The National

PORT MORESBY, Papua New Guinea (April 30, 2009) – As prime minister of PNG, Sir Julius Chan signed into existence the Lihir gold mine in 1995.

Yesterday, as governor of New Ireland where the Lihir mine is situated, he was a bitterly disappointed man, angry at the incompetence of civil servants who he claimed had failed to honour the terms of the Lihir memorandum of agreement (MoA).

Some K500 million, [US$182 million] already committed by Prime Minister Sir Michael Somare earlier this year, is yet to be released to the New Ireland provincial government.

Major projects committed under the MoA such as the Lihir Island ring road, the Namatanai hospital, the international wharf, the international airport and improvements to the Buluminski Highway are still outstanding.

Sir Julius flew his entire cabinet to Port Moresby to pursue the outstanding projects and money.

He said he wanted his provincial executive council members to see where the money contributed by New Ireland ended up.

They did and they were not terribly impressed.

At a press conference later at Parliament House, PEC members were vocal about the contempt with which National Government instrumentalities seemed to hold provinces and, particularly, agreements and the laws of PNG.

Rudolf Tongop, president of Lihir and chairman for mines, said: "We have nothing. The people own nothing.

"If only the Government can give what is owed to us, it would make it easy. We have been talking about this outstanding money for the last 14 years."

The frustration among the members of the PEC is obvious and understandable. These are the politicians who are closest to the people.
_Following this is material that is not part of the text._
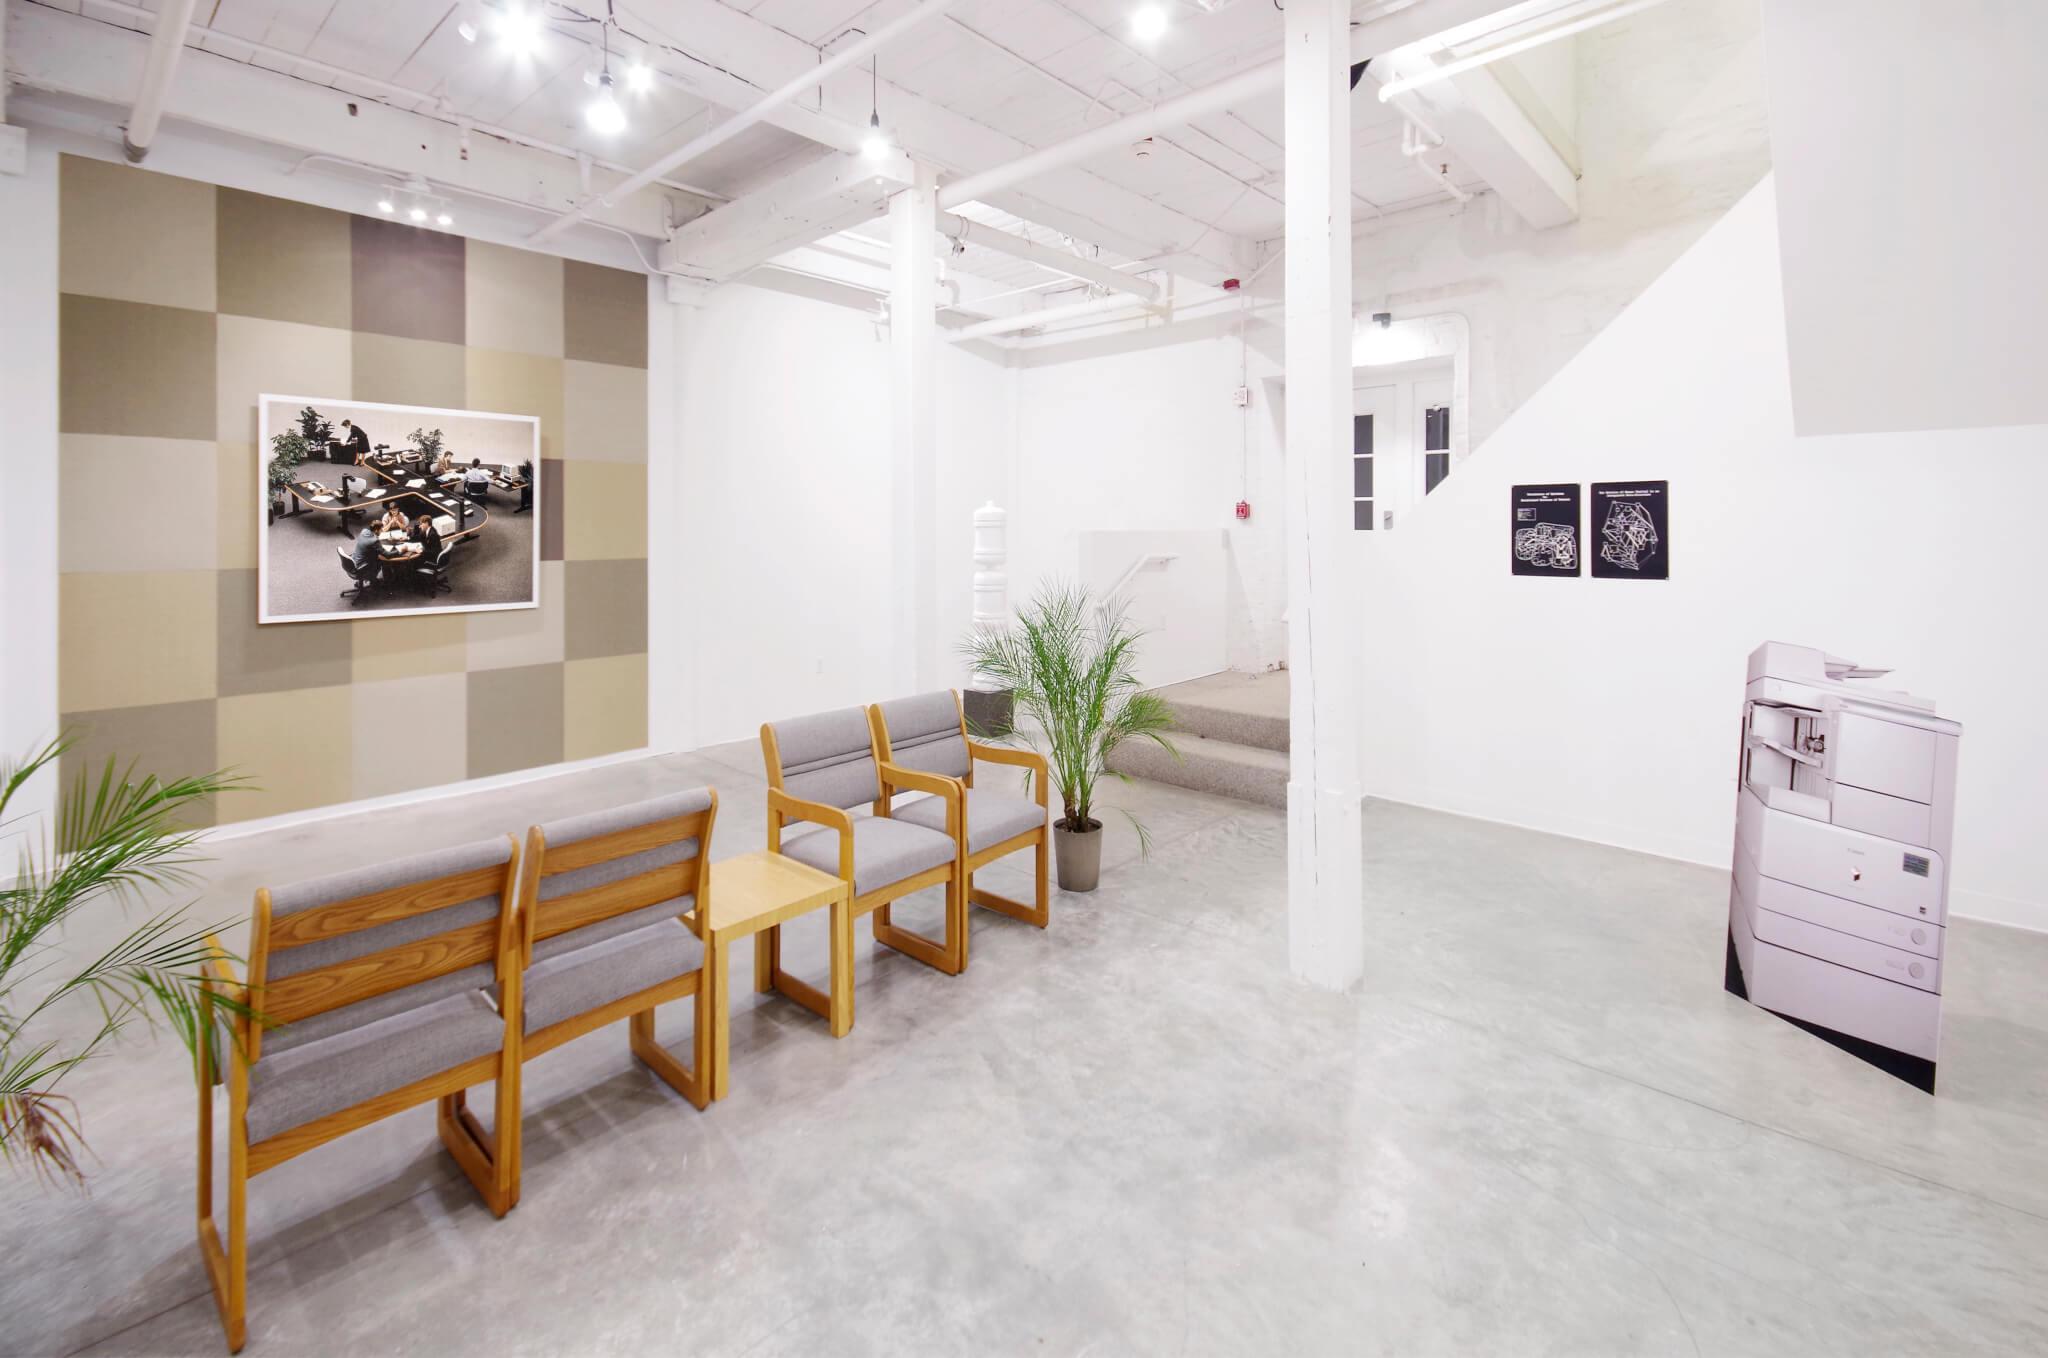 TTWSKNMBT Sandra Erbacher at GRIN Installation 07

The pressure is always on them to deliver.

And this particular group is not here to follow a claim or beg for some money from the National Government.
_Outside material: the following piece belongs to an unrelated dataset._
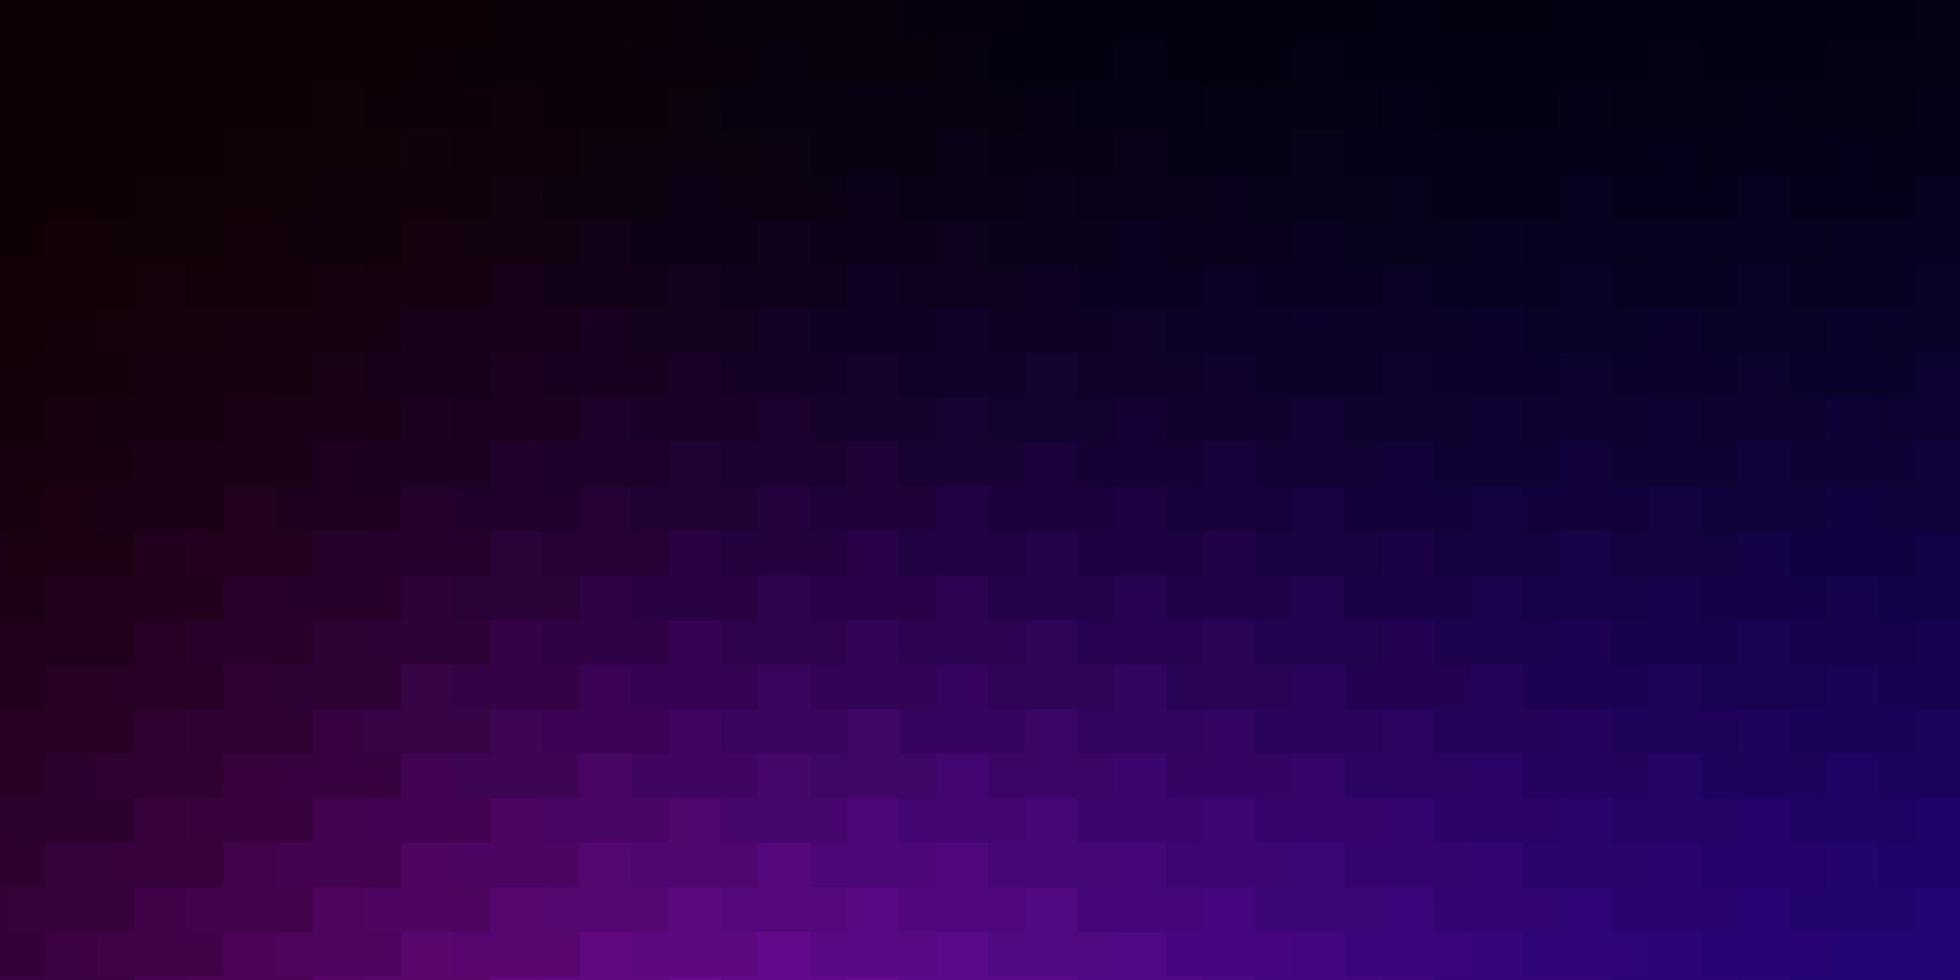 modello vettoriale rosa scuro in rettangoli.

New Ireland plays host to the Lihir gold mine, one of the biggest mines of its kind in a geothermal region.

Benefits to the State over the life of the mine rank in the billions of kina.

It is shocking to learn that the host government, the respective local level governments and the landowners have not been given what the State has promised to give in return for the mine.

Only this week, landowners of the oil and gas regions of Southern Highlands province are converging on East New Britain to discuss what benefits will accrue to them from the liquefied natural gas (LNG) project.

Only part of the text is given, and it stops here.